The latest dismal prediction to follow in a long line of scientific pronouncements about the risks to the health and wellbeing we all run from following a meat-based diet.
It doesn’t stack up. Most of the human race has been eating meat for many millennia and if all the ills that are now being linked to the habit were genuine threats we should have eaten ourselves out of existence well before now, leaving the planet inhabited by vegetarians and vegans – and what a jolly place it would be then.
No, the real problem lies with the way meat is industrially processed and generally mucked around with these days. Take pork products. In times past when the family pig was killed the meat trimmings were turned into sausages and consumed pretty damn quick before they could go off. Ham and bacon was simply brined then some of it was hung up in the chimney to smoke.

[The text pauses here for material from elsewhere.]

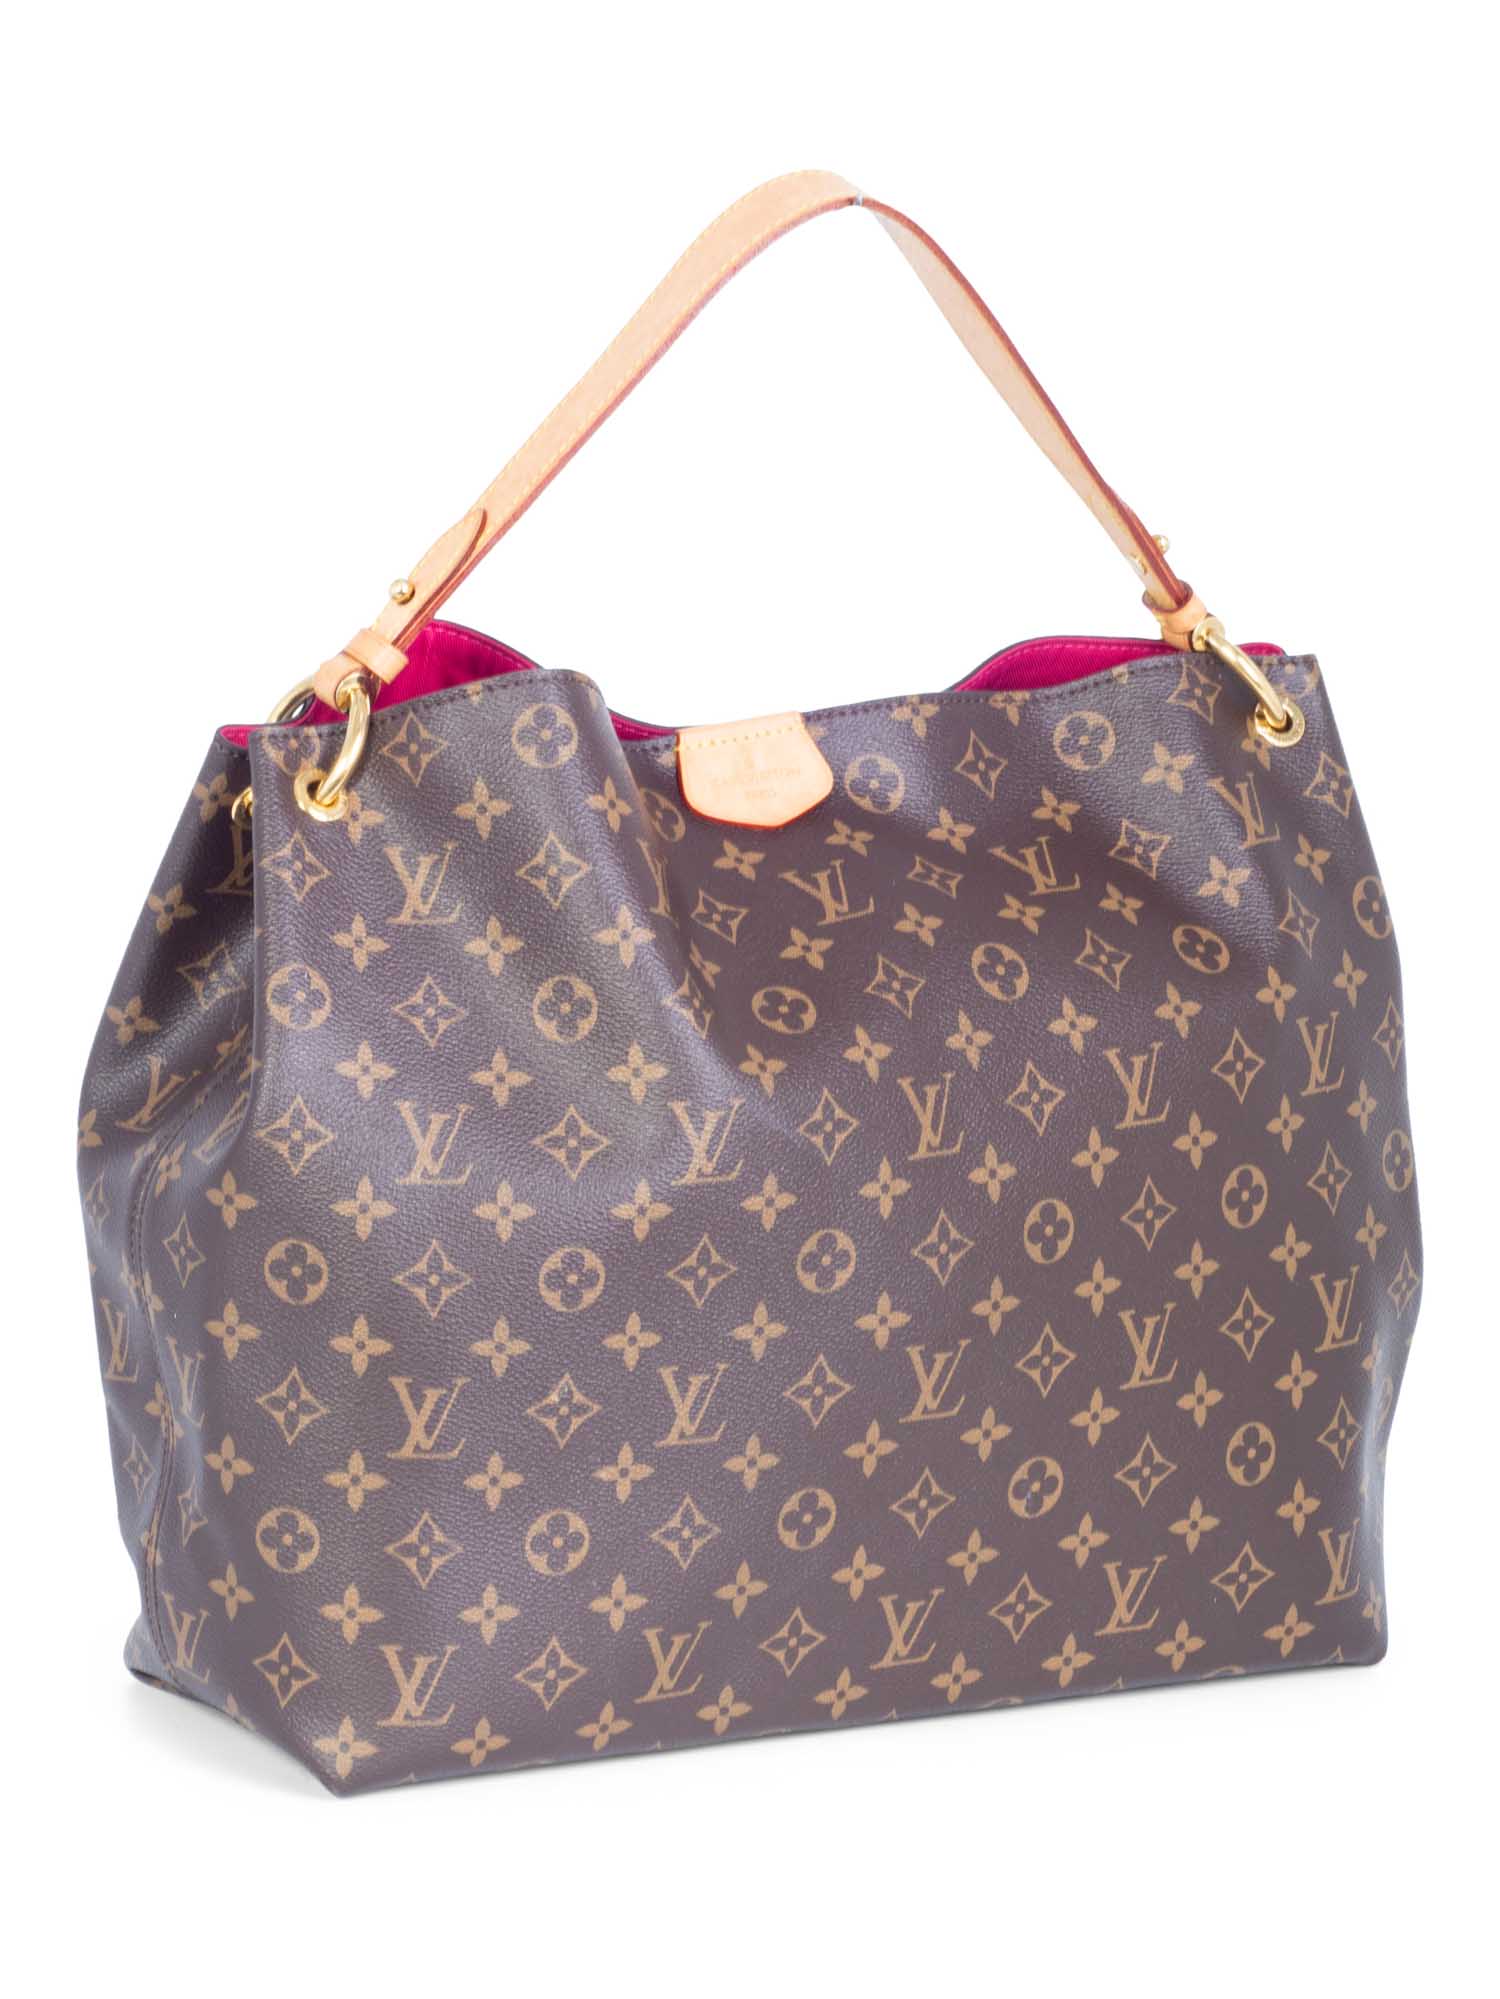 Size Comparison of the Louis Vuitton Neverfull Bags  Spotted Fashion

These days commercially based sausages are stuffed with anything that can be pulverised – and that throws the net fairly wide – plus a healthy dollop of preservatives.
Commercial hams and bacon undergo accelerated, artificial ‘curing’ and may even be injected with a touch of smoke flavouring to add a little authenticity.
Essentially the food industry has put us all on a chemical-rich diet and it’s there, George, that I suggest the problem lies. We do need to change people’s eating habits and at a time when we are overhauling the entire food and farming sector there is no more opportune time to start. But there is absolutely no reason to persuade people to give up meat, just eat a little less of it – and make sure it’s top quality.
And that will involve them making a trip to an independent butcher. More than 10,000 of those have been swept off the high street in the last few decades thanks to ruthless undercutting by supermarkets, the very places most likely to be selling
highly processed meat products. But the revival has got under way. New butchers are opening, more farmers are selling direct to the public at markets and there is a slow but measurable shift away from the multiples and back through the doors of the independents.
We could be encouraging this; we should be encouraging it. The public has a right of access to wholesome food and particularly to naturally raised and prepared meat products.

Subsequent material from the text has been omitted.